▶ [WORK ORDER]:
Only the lines from the one containing "Bisacodyl Teva 10 mg" to the end of the data should be copied, exactly and without pictures.

▶ [INPUT DATA]:
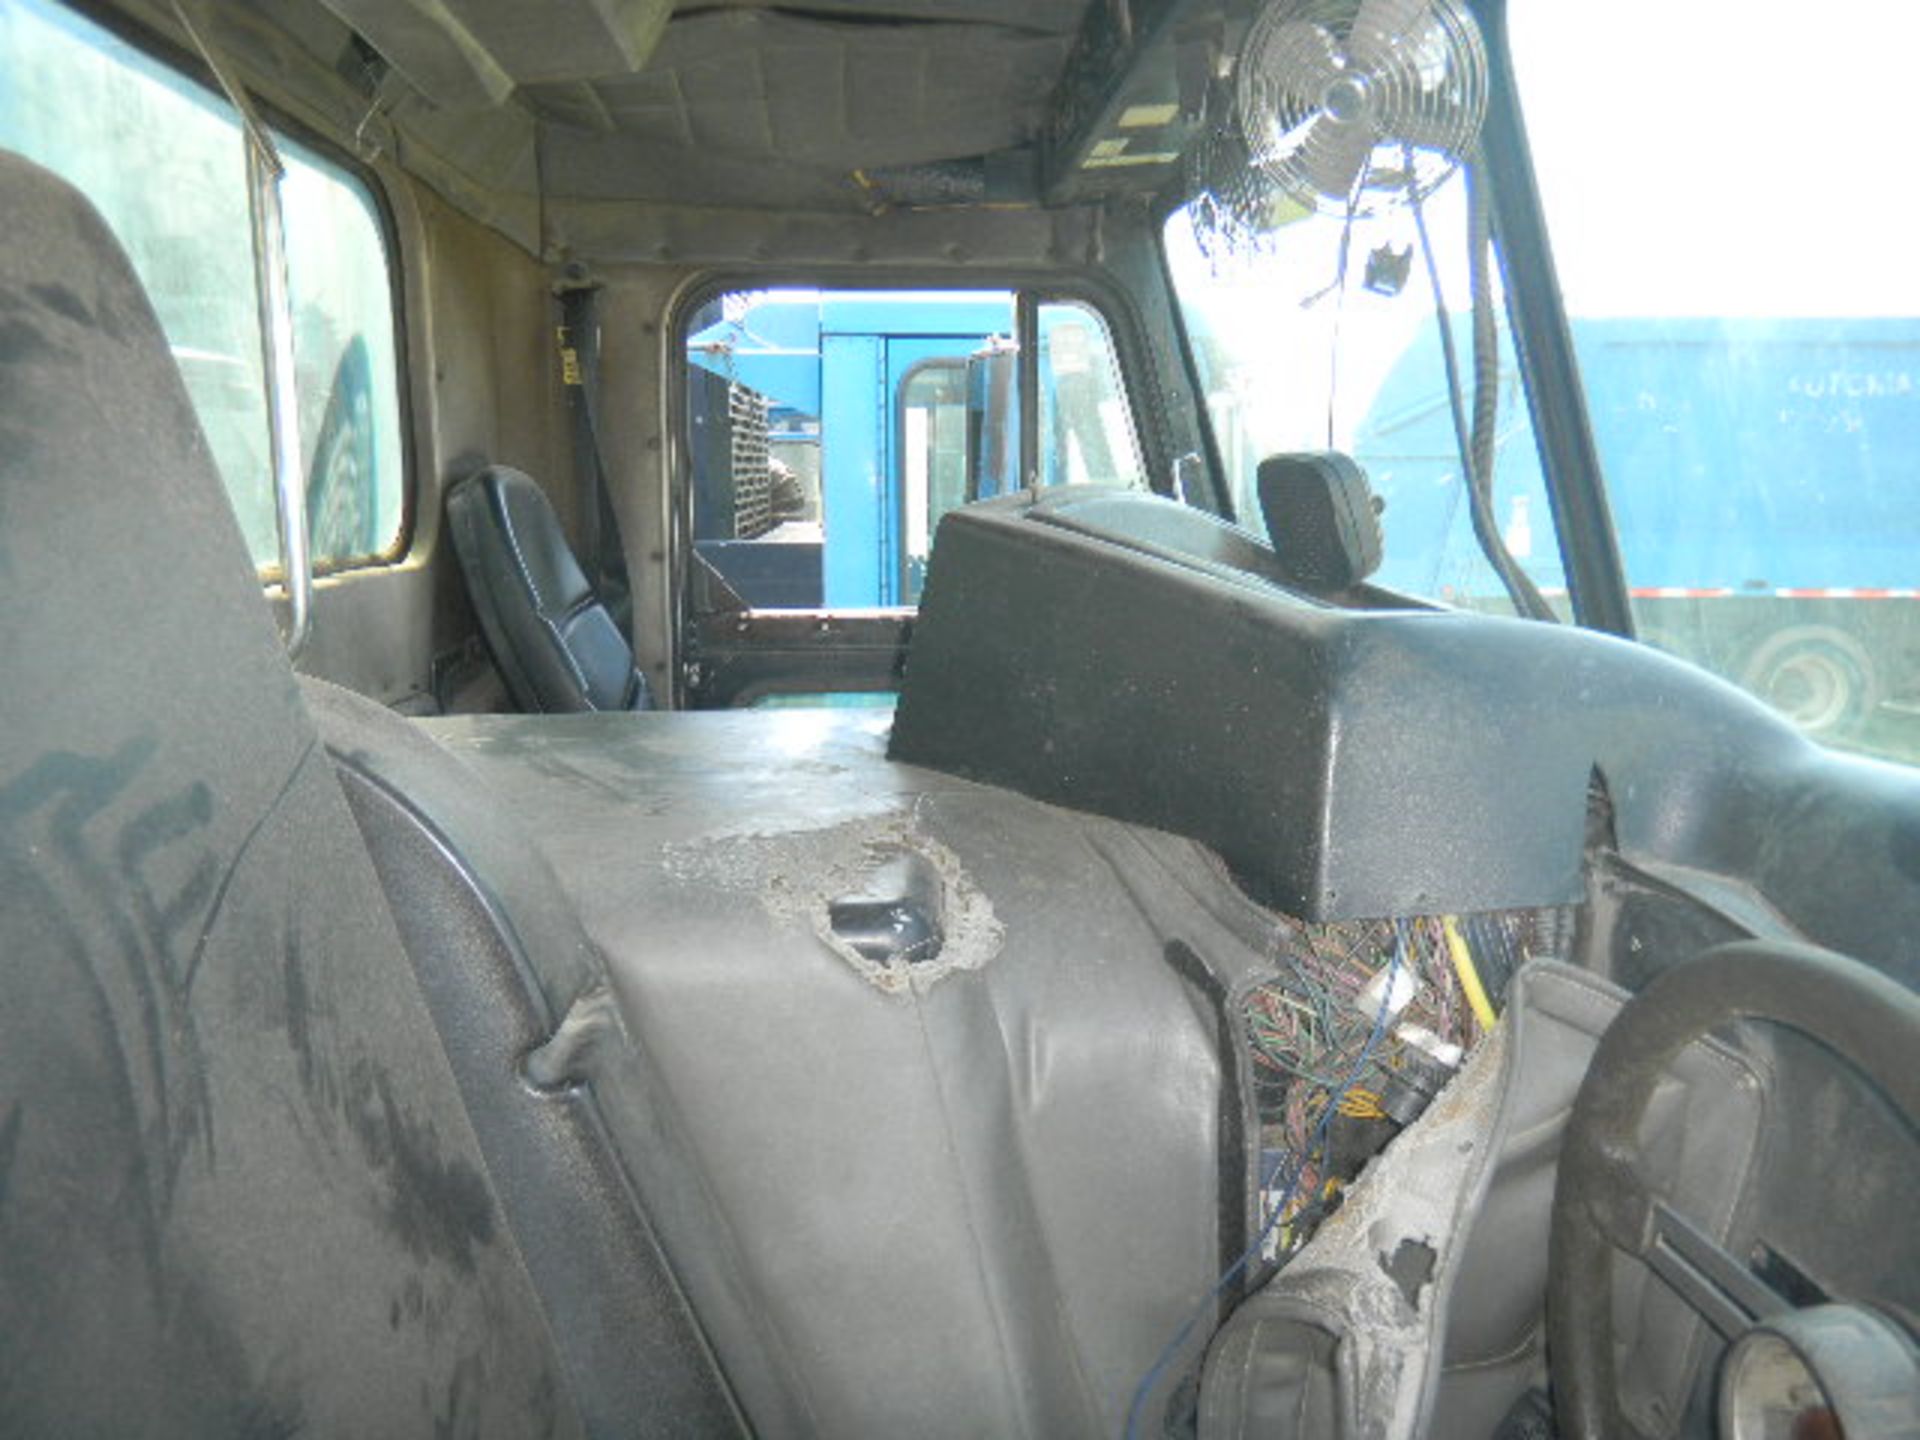 Peterbilt - 20 Yd Heil Rear Loading Sanitation Truck - Asset I.D. #21 - Last of Vin (713662) - Image 5 of 7
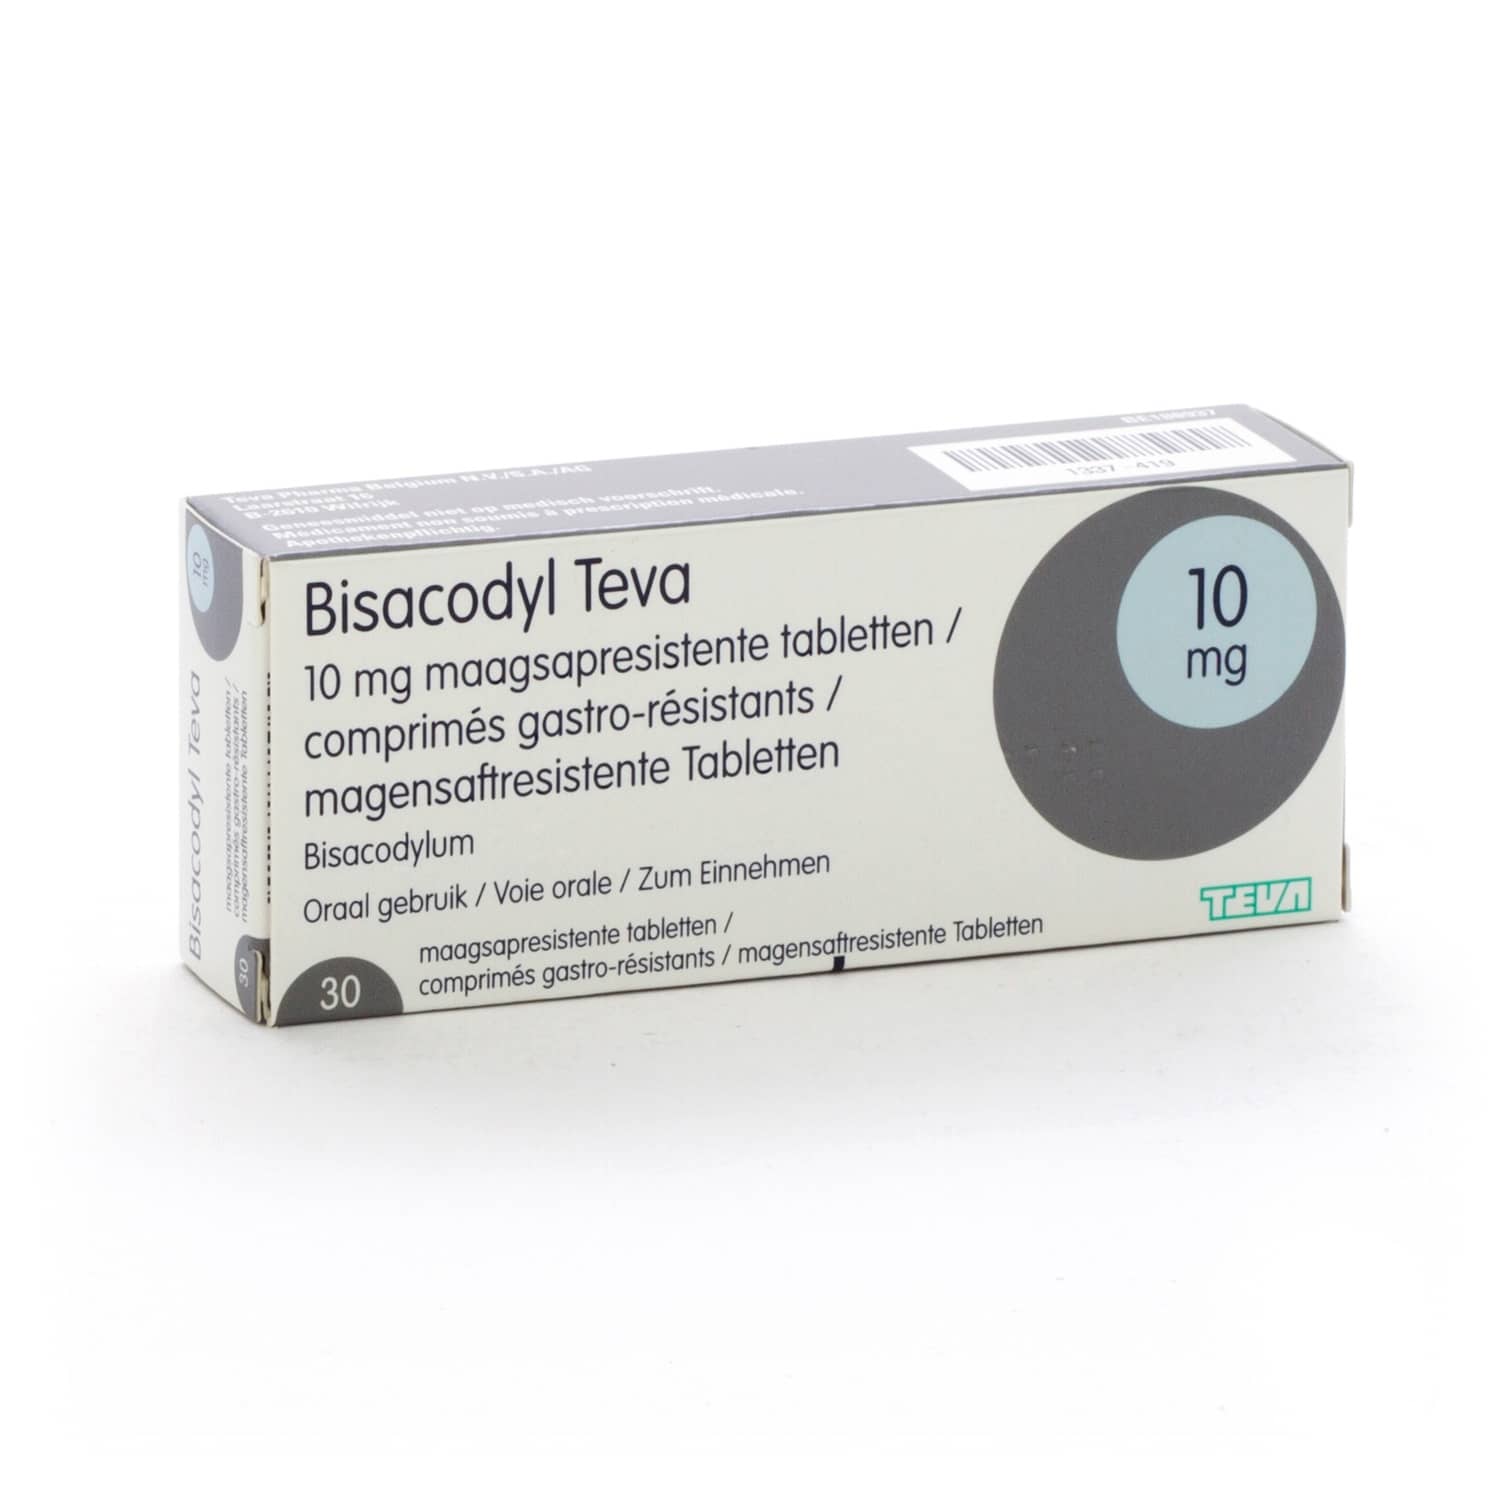 Bisacodyl Teva 10 mg
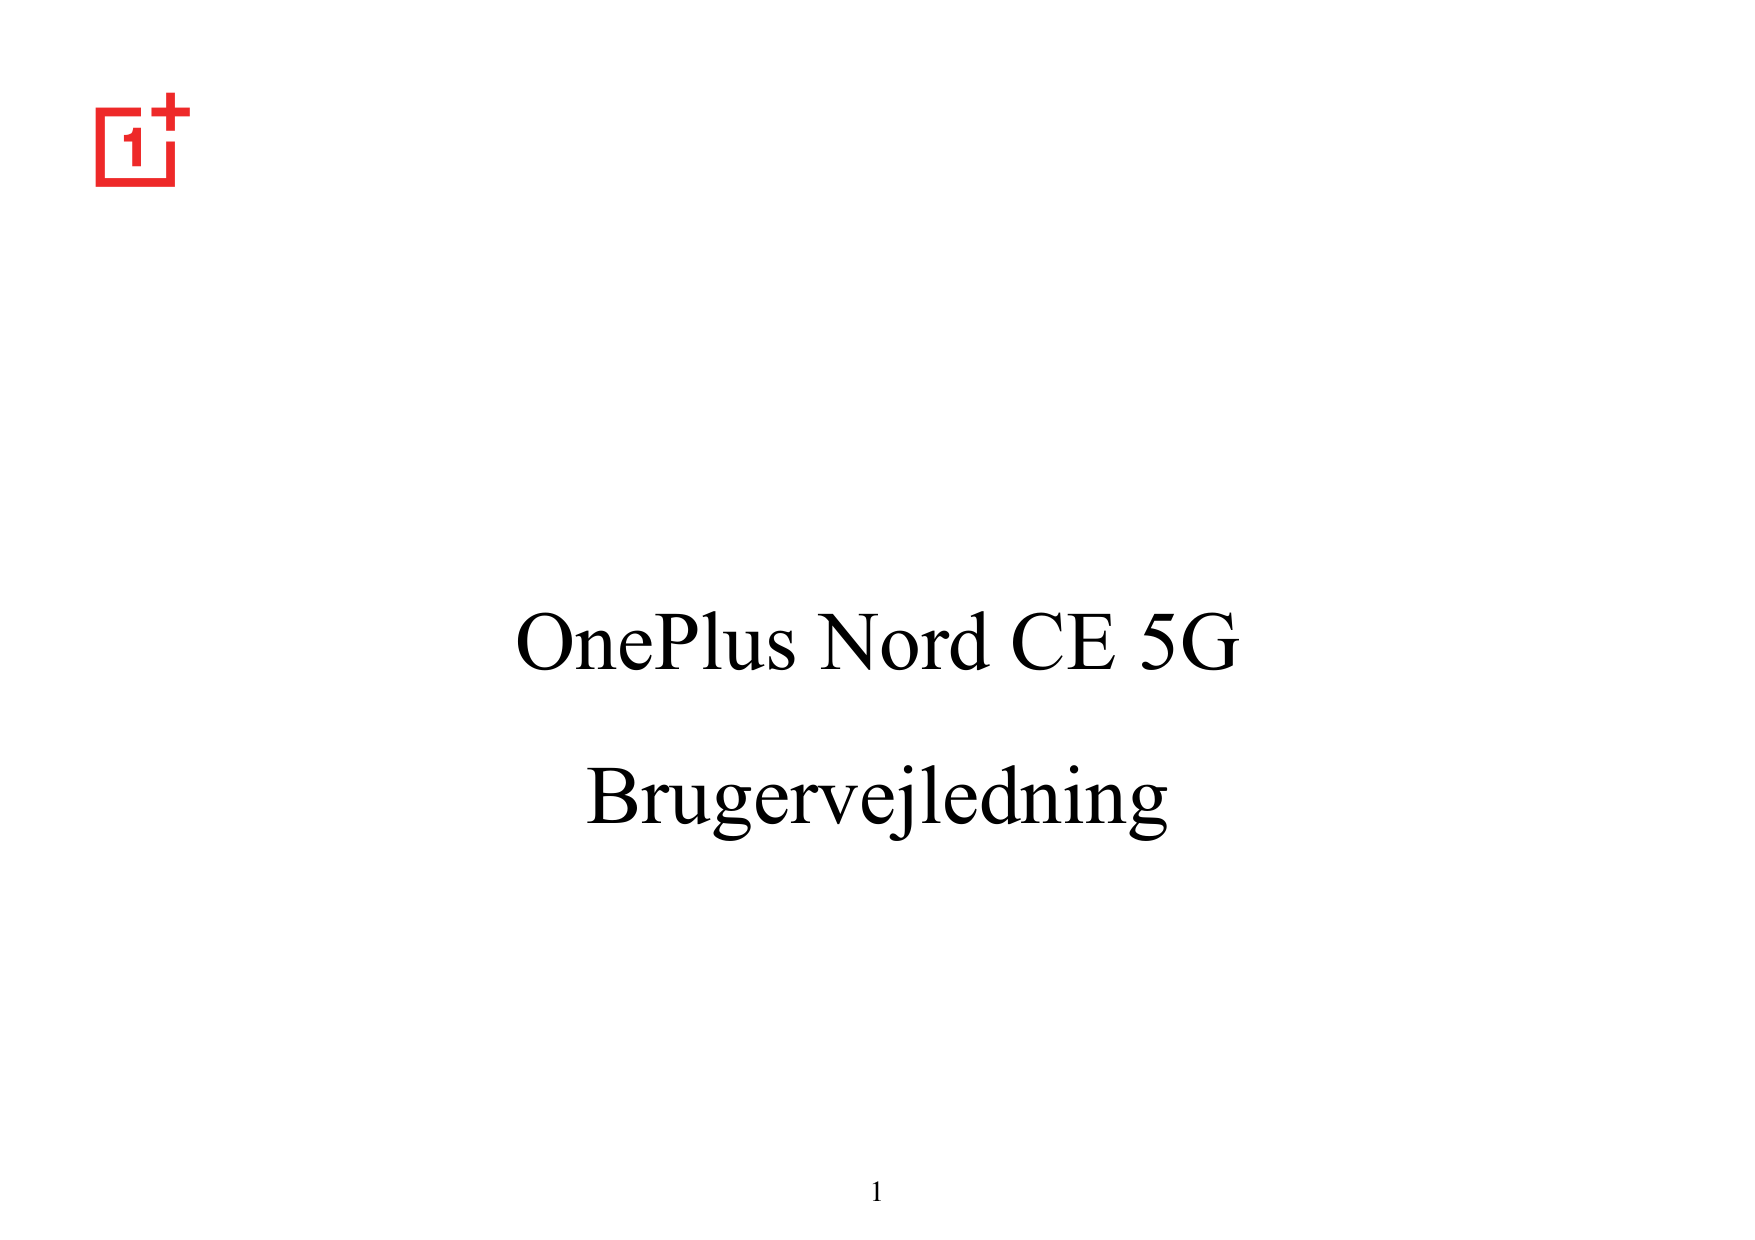 OnePlus Nord CE 5GBrugervejledning1

▶ [EXERCISE SOLUTION]:
 Bisacodyl Teva 10 mg
 OnePlus Nord CE 5GBrugervejledning1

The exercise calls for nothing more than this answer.